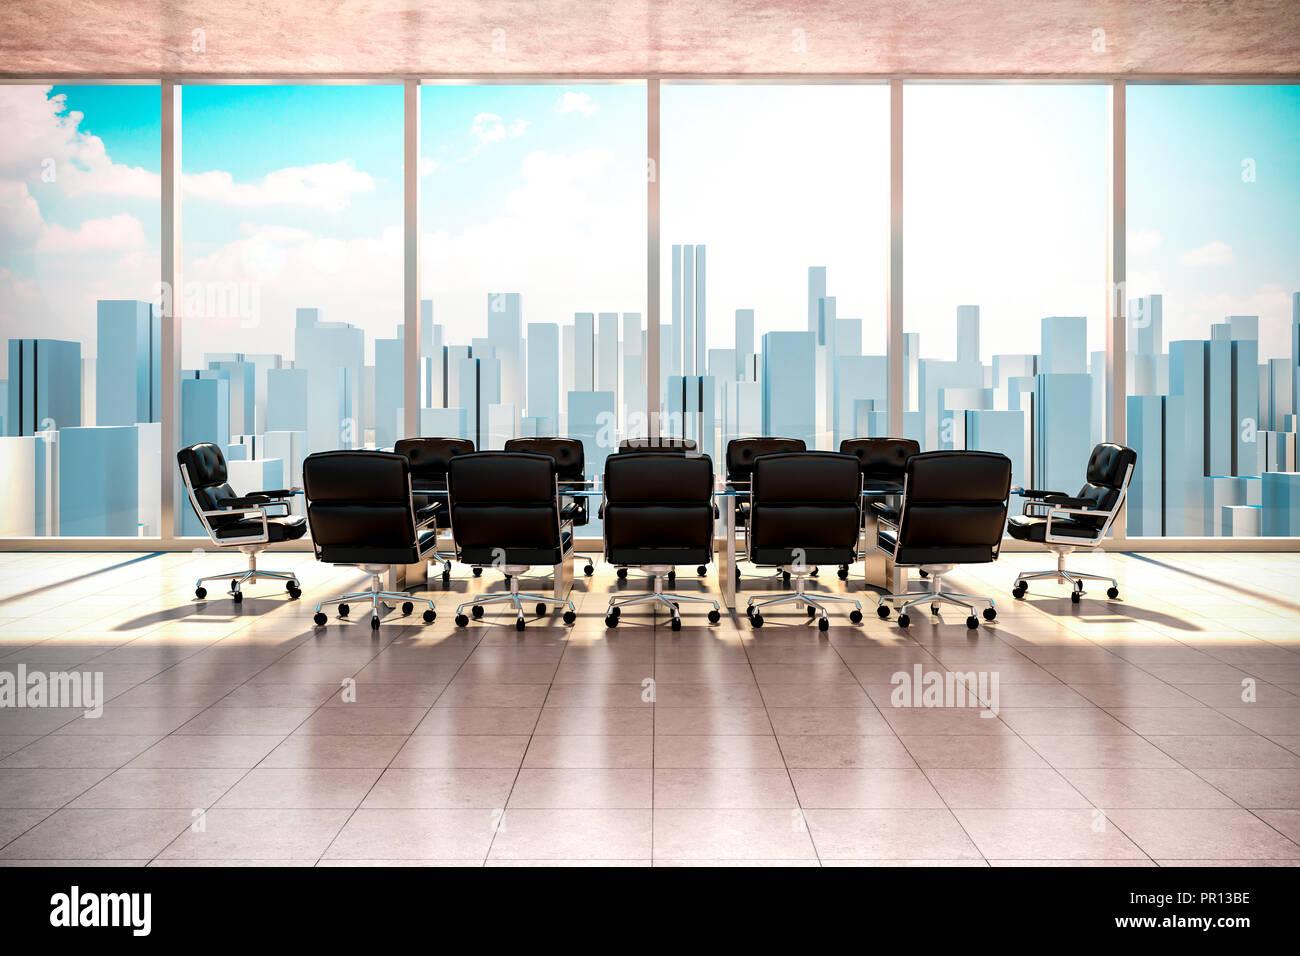 Daylight Corporate Construction Stock Photos Daylight Corporate
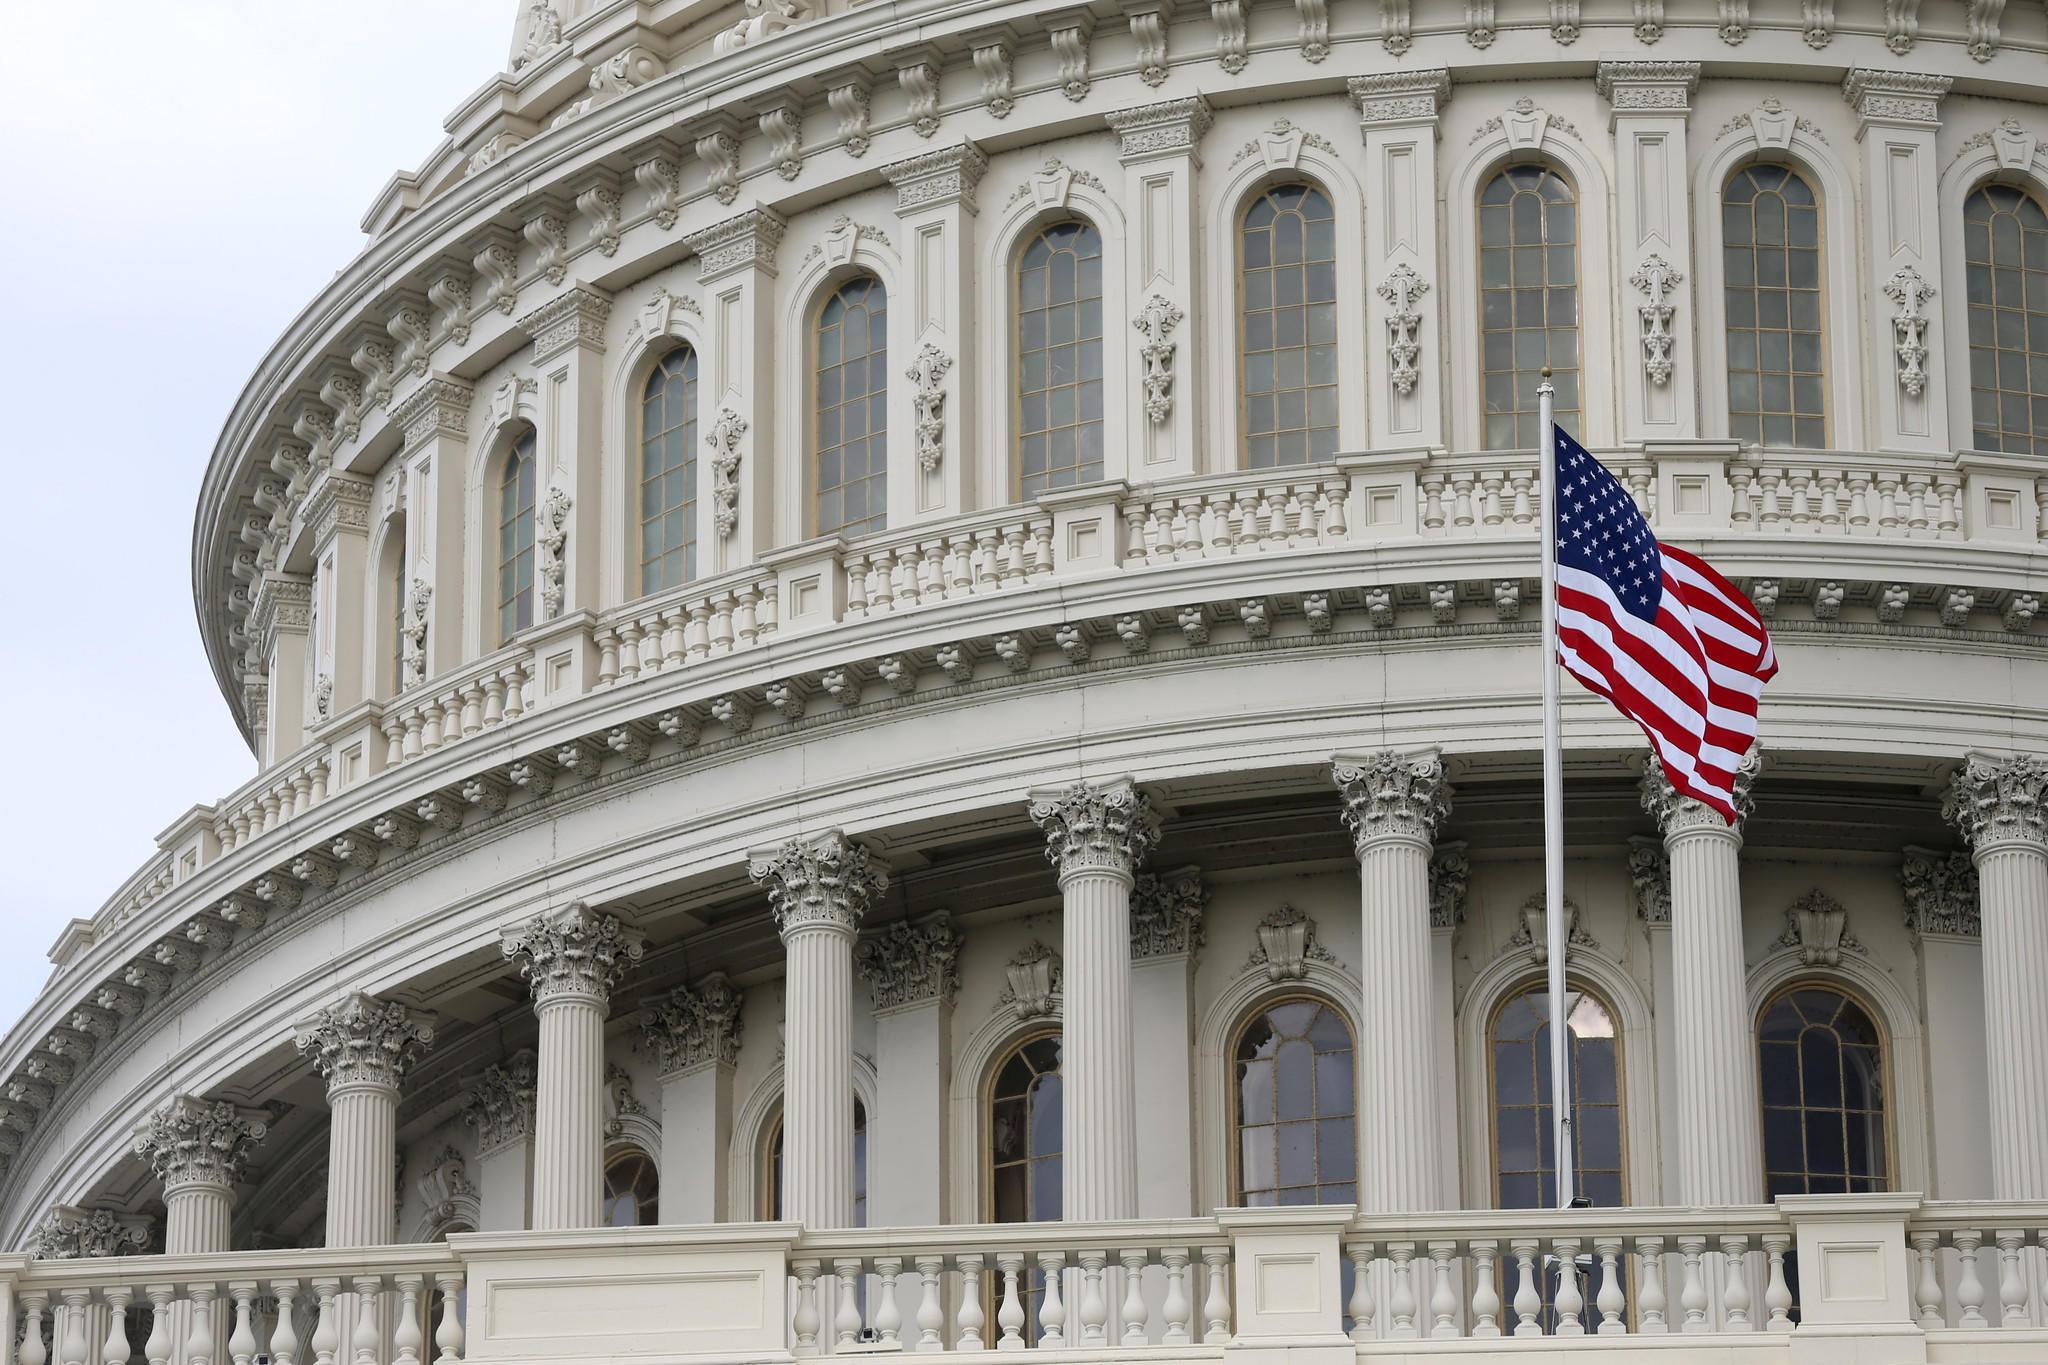 The U.S. Capitol on Aug. 13, 2013 in Washington.
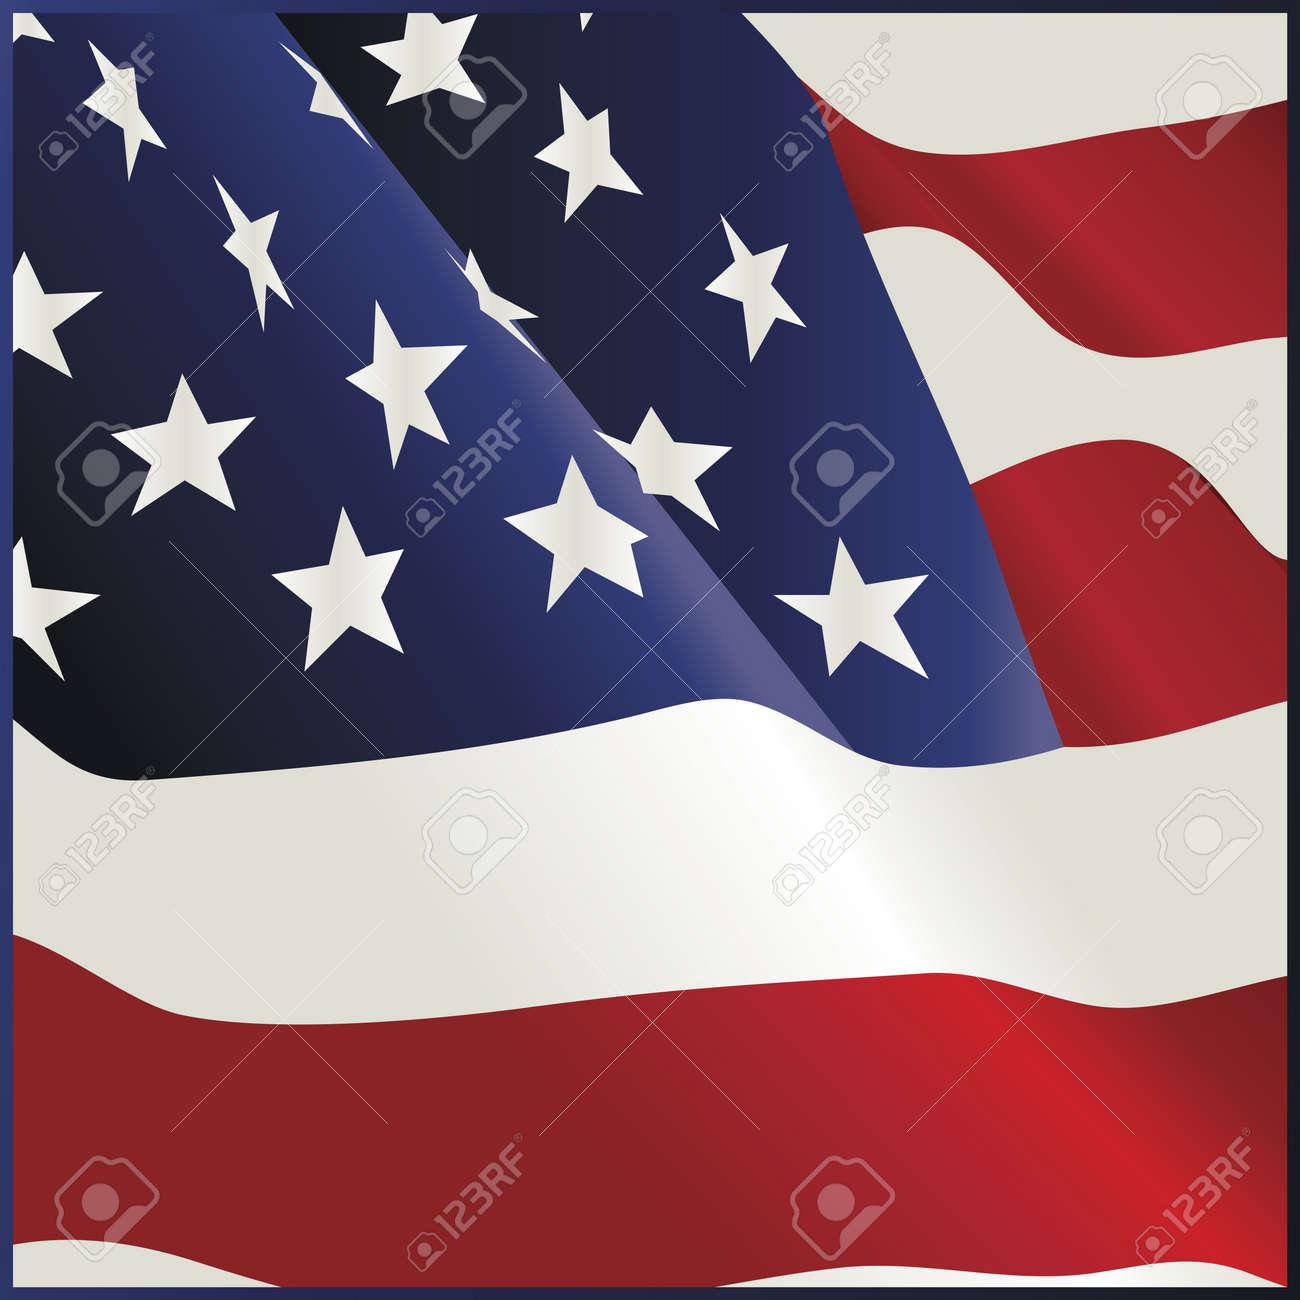 Waving American Flag Bandana Design Stock Vector - 10050127
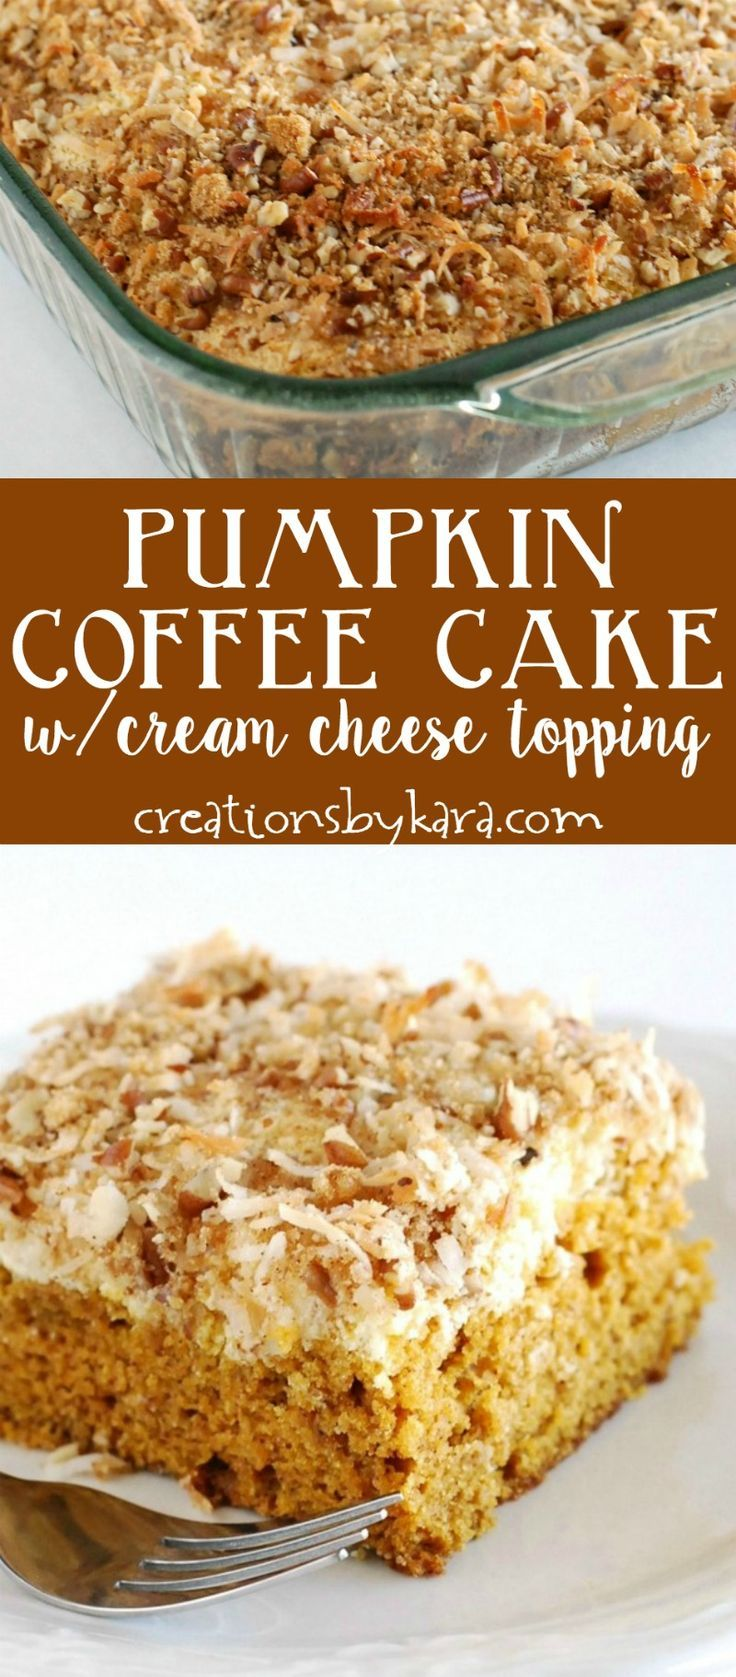 Pumpkin Coffee Cake with a cream cheese filling and crunchy topping. Simply delicious! #coffeecake #pumpkin  via creationsbykara.com

◆ EXERCISE REQUIREMENTS
With images omitted, retype the data word for word.

◆ REPLY
 Daylight Corporate Construction Stock Photos Daylight Corporate
 The U.S. Capitol on Aug. 13, 2013 in Washington.
 Waving American Flag Bandana Design Stock Vector - 10050127
 Pumpkin Coffee Cake with a cream cheese filling and crunchy topping. Simply delicious! #coffeecake #pumpkin  via creationsbykara.com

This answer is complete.